The name grep is derived from the editor command g/re/p, which literally translates to "globally search for a regular wxpression and print what you find." Regular expressions are at the core of grep, and I'll cover them after a brief description of some of the utility's command options.

The simplest grep command is grep (search pattern) (files list), as in:

grep hello *

The output of this command might be something like this:

$ grep hello *

story.txt: so I said hello and she smiled back

intro.txt: use the hello.c program as an example of C programming

grep is case sensitive, so in order to change the search to include "hello," "Hello," or "HELLO," use the -y or -i option. Earlier versions of grep used -y, and later versions use -i. -y is now considered obsolete, although some versions of grep do support both. In the following example, more hellos show up because the search is case independent.

$ grep -i hello *

story.txt: so I said hello and she smiled back

story.txt: I could hear my echo, "HELLO."

intro.txt: use the hello.c program as an example of C programming hello.c: printf("Hello, world. n");

This command searches all files in the current directory and prints the file name and the line containing the string "hello" for any files that contain that string.

The output of grep varies depending on whether you're searching one or several files. If only one file is named on the command line, the output doesn't include the file name, as in the following example:

$ grep -i hello hello.c

printf("Hello, world. n");

The one-file rule applies whether you use a wild card in your file list or not. If hello.c were the only file in the current directory, using a wild card to locate the file would still produce an unnamed file output. In the following example, the user is searching for any C files containing "hello." There is only one C file in the directory, so the output is identical to the previous example.

$ grep -i hello *.c

printf("Hello, world. n");

I don't know of a grep that has a work-around for this behavior, but you could use the -l option instead, which prints the file name only and not the line containing the string. At least you would know the name of the file that contained the string.

$ grep -il hello *.c

hello.c:

The -l option can be used to extract a list of files containing the string. The file name is printed only once, even though the string may appear in multiple lines within that file. In the following example, story.txt appears only once, even though it contains more than one "hello."

$ grep -il hello *

hello.c:

intro.txt:

story.txt:

The -l option suppresses most of the other output options from grep. On the other hand, the -n option will print a line number as well as the text, as in the following example:

$ grep -in hello *

hello.c:7: printf("Hello, world. n");

intro.txt:44: use the hello.c program as an example of C programming

story.txt:110: so I said hello and she smiled back

story.txt:187: I could hear my echo, "HELLO."

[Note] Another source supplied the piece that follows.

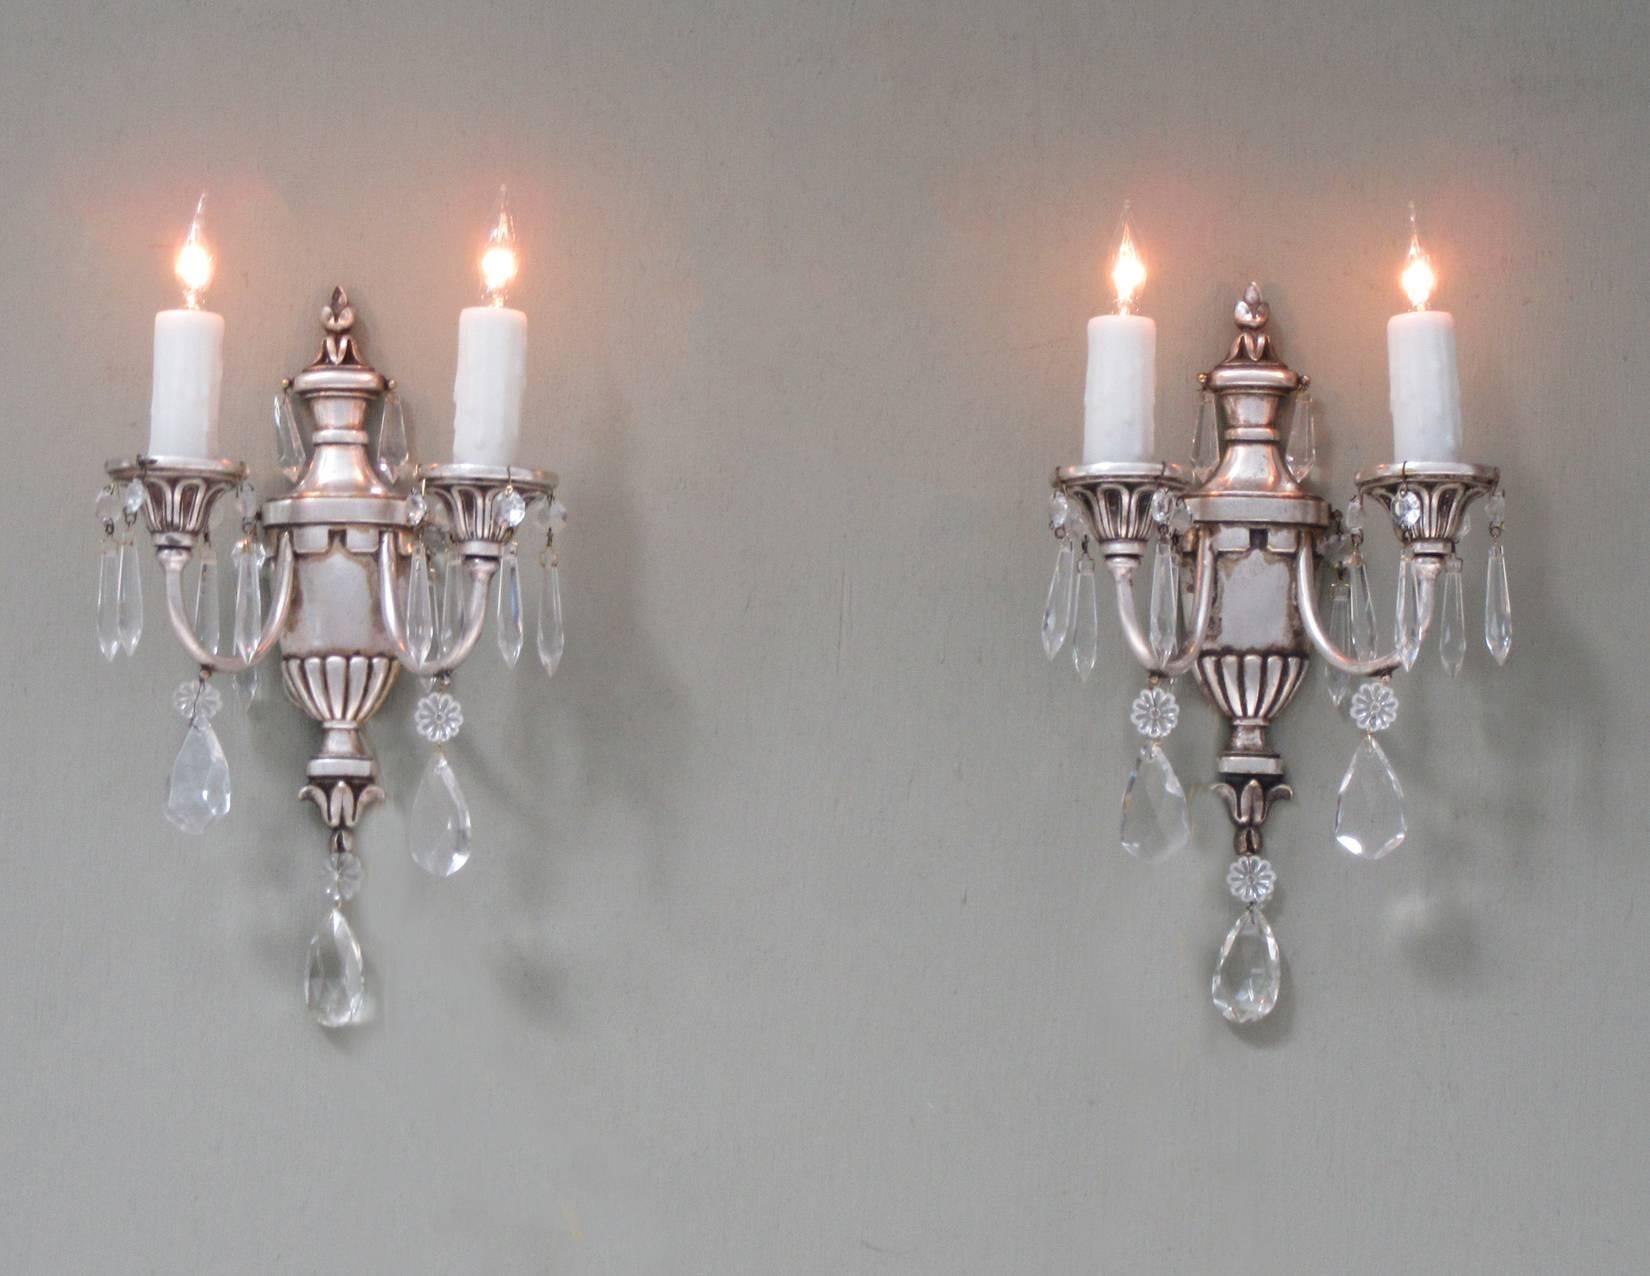 A pair of early 20th century Italian neoclassical silvered bronze and crystal sconces, featuring urn shaped bases, two candle arms and fine cut crystal pendants. The sconces have recently been cleaned and rewired with new porcelain sockets.
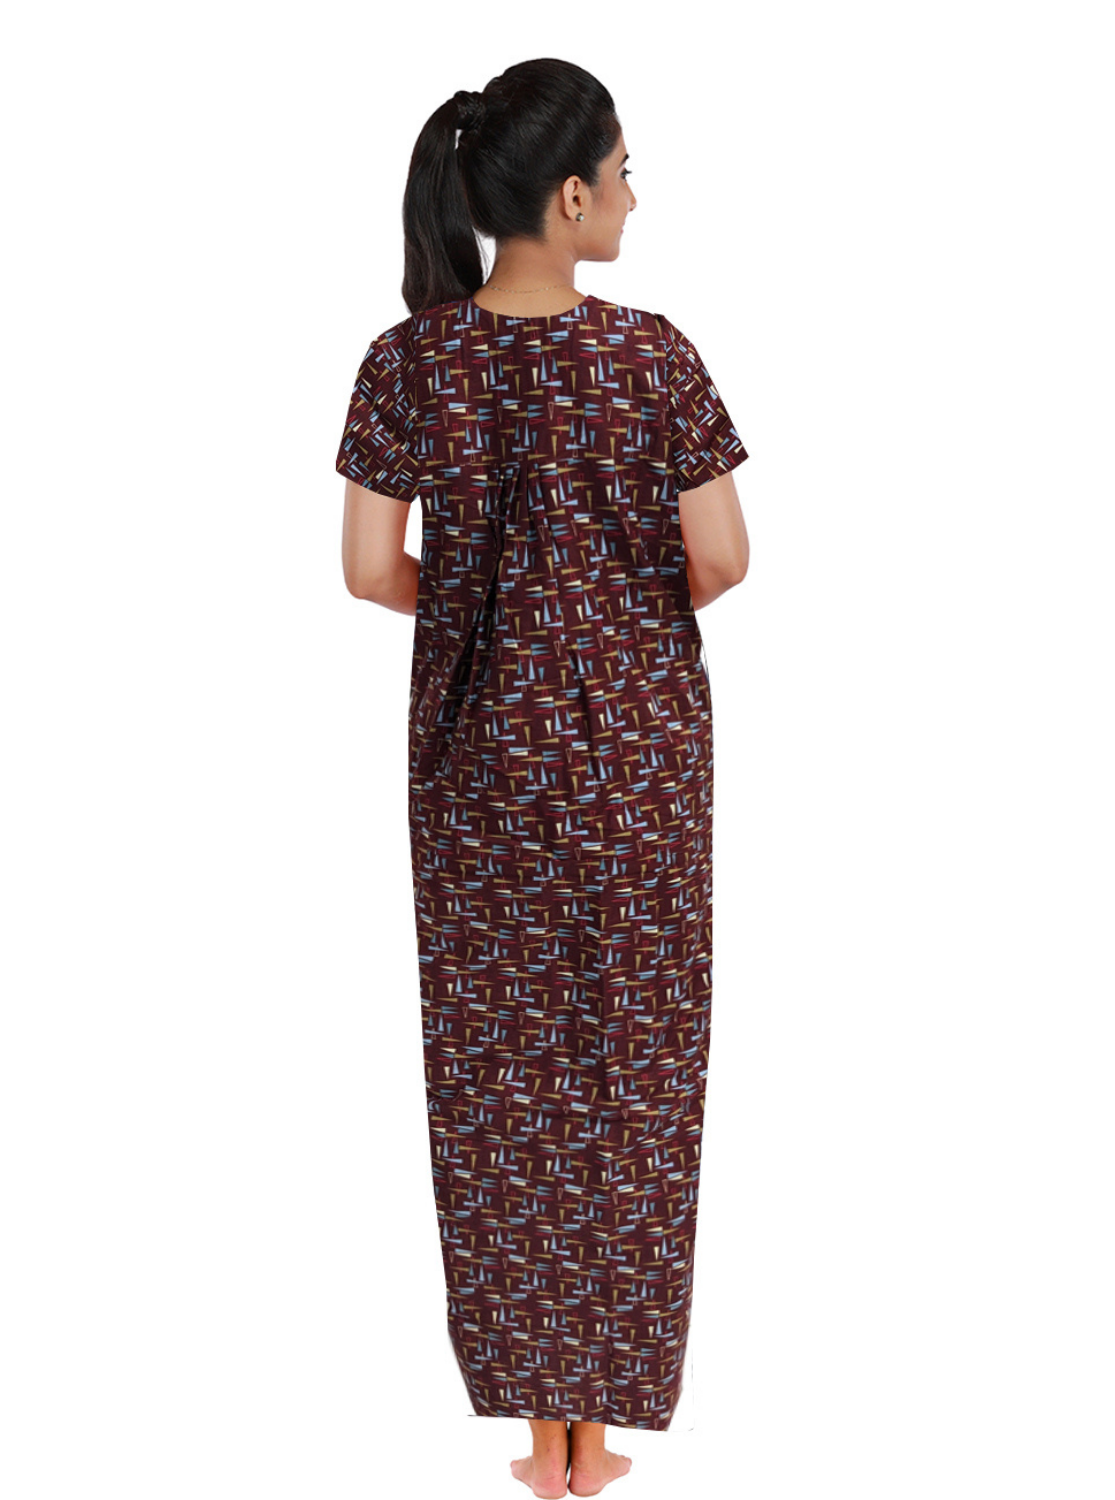 MANGAI New Cotton PLEATED Model 3XL Size Nighties - Fancy Neck | With Side Pocket |Shrinkage Free Nighties | Trendy Collection's for Trendy Women's

The -v option outputs the complement of the search, i.e., all lines not containing the requested search pattern.

$ grep -iv hello intro.txt

You will be able to get more practice if you

at its simplest

The -c option prints only a count of lines matched. It also has the interesting and useful side effect of listing all the files it searches, not just the successful hits.

$ grep -ic hello *

data.txt:0

hello.c:1:

intro.txt:1

intro2.txt:0

story.txt:2

Some versions of grep come with -r as an option, which prompts grep to search recursively through subdirectories. The default behavior is to search only one directory, so the -r option, as provided in GNU and other implementations of grep, is the exception rather than the rule.

Going wild with grep
So far I've covered some of the input and output options, but the real power of grep is in its search pattern, which uses regular expressions. grep can match simple strings, as we saw in the "hello" example we played with above; but it can also use a variety of wild cards and special symbols to create a regular expression to search for more complex strings.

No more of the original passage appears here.